Schedule an appointment
We might have to miss work, school, or something else, but making time to discuss our health with a family doctor is worth the time and effort. A lot of men make excuses about why they can’t see a doctor – but remember that our health should be our first priority.
Ask for extra time
Doctor’s appointments are usually scheduled for 10 minutes. Ask for extra time when you make the appointment to give yourself a chance to discuss your concerns thoroughly.
What you can say:
- “Are there any times available for a longer appointment? I need to discuss some issues we haven’t gone over before.”
- “I have a lot to discuss – are there any 15-20 minute slots open? This is all for one medical concern.”
Prep for the meeting
If you have the energy for it, preparing for the meeting with your family doctor can be useful for making the most of your time together.
Make notes about symptoms
Give your doctor a complete view of what’s going on – describe any physical, emotional, cognitive, or interpersonal problems that you’re experiencing. Complete our Self Check, print it out, and bring the results with you.
Write out things that may be difficult to discuss
Sometimes guys get too stressed to remember exactly what they want to say when they meet with their family doctor. Some things are simply hard to talk about. Whether these are personal issues that are affecting our health or thoughts about hurting ourselves, sometimes it’s easier to write them down and show our physicians.
Think about questions that you’re likely to be asked
Your doctor will ask a variety of questions in order to get a better sense of your symptoms and experiences. Here are some typical questions you may hear:
- “How long have you felt this way?”
- “Do you usually feel down like this, or is this something new?”
- “Does your mood swing back and forth from really down to really high?”
- “On a scale of 1 to 10, can you rate your mood over the last couple weeks?”
- “Do you ever have suicidal thoughts?”
- “Do you drink alcohol or use any drugs?”
Ask a friend or relative to accompany you
If you’re nervous about going to your appointment, don’t feel confident that you can talk about yourself, or are too stressed to remember what to say, you may want to ask a friend or family member to come along with you. It’s no big deal for your doctor – this is pretty common.
What to say during your appointment
Let your doctor know all that’s going on and work together to figure out the best treatment options. Start out with what’s most important in order to get the most out of your appointment.
Give your doctor the lay of the land
Besides describing your symptoms, tell your doctor if you’re currently under the care of any other healthcare professionals, if you have any other medical issues, what medications or supplements you’re taking, and if your family has any history of mental illness.

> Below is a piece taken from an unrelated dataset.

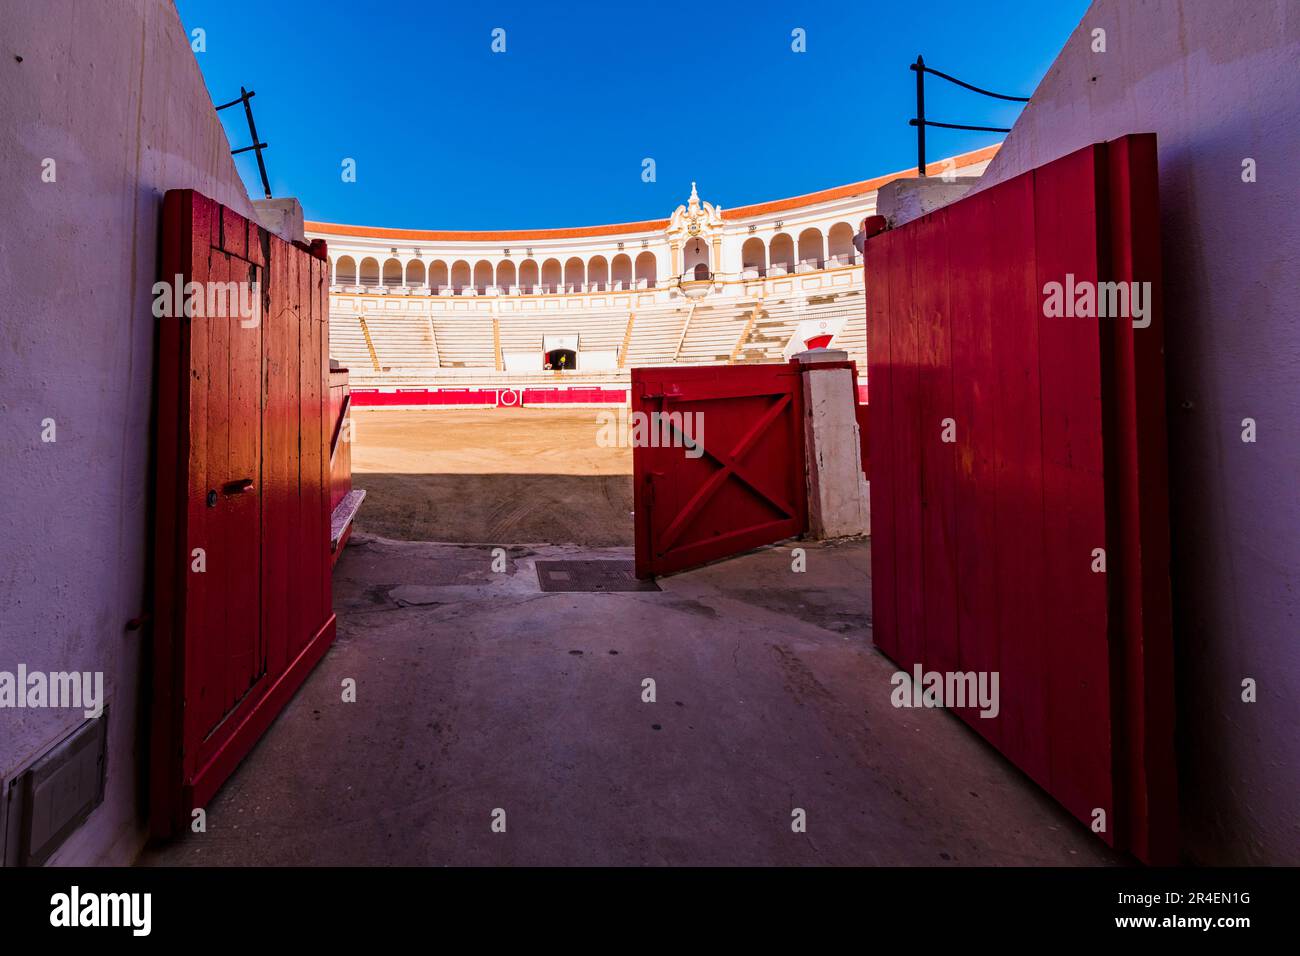 Arena oder Ruedo, ein Feld mit dicht gepacktem zerdrücktem Felsen, Albero, das die Bühne für den Stierkampf ist. Die Stierkampfarena von Melilla, auch bekannt als Moschee Stockfoto

Be as specific as possible about how you’re feeling and the impact it’s having on your life.
Here are some examples of what you can say to get the conversation started:
- “I feel like shit these days – I’m too tired to go to work, I keep going out drinking and calling in sick.”
- “I can’t sleep at all. I keep lying in bed stressed out about making enough money to support myself.”
- “I don’t want to see my friends anymore, I’m sick of everyone.”
- “I’m always grumpy and pissed off, I never seem to be myself anymore.”
- “Sex isn’t interesting me like it use to and it’s getting harder to perform.”
- “I’ve been gaining (or losing) lots of weight recently.”
Be honest – even about the stuff that’s hard to talk about
You’ve taken the initiative to get this far, so don’t be embarrassed, downplay, or avoid certain subjects. If anything is too hard to talk about, try writing it down, handing a note to your doctor and sitting with them while they read it. Rest assured – whatever you got going on, your doctor has heard it before.
What you can say:
- “I have been having thoughts about hurting myself or taking my life.”
- “I’m lonely. I’m sick of my family, there’s no one I care about.”
- “I haven’t been the same since my last relationship ended, I have no confidence left.”
- “I’ve been drinking a lot lately. I drove home drunk last week.”
Ask lots of questions
Make sure you understand everything you talk about. Ask questions, and don’t be embarrassed if you have to ask more than once; depression can make it very difficult to think clearly.
What you can say:
- “What do you think is causing me to feel like this?”
- “What treatment options or services do you recommend for me?”
- “What can I do about my sleep/appetite/energy levels?”
- “Do you think I should see a psychiatrist or a therapist?”
Discuss treatment options
It’s important to have a solid understanding of all treatment options available to you – why you’re doing them, how they work, and the time frame for their effectiveness.
What you can say:
- “What are the pros and cons of this treatment?”
- “How long will it take till I notice if it’s working?”
- “Will there be any side effects or other consequences?”
- “What should I do if I don’t think it’s working?”
- “Is there anything I should avoid doing with this treatment?”
- “Can you treat me or can you recommend any services or other professionals?”
Ask your doctor about other resources and connecting with professionals in your community.
Double-check before leaving
Before you leave the office, do a quick recap to clarify your understanding of the situation.
- Explain in your own words what’s going on and what steps you will be taking to get better.
- Make sure you and your doctor are on the same page for monitoring how you are doing with follow up appointments and how often you need them.
- If you are having trouble remembering anything, write it down.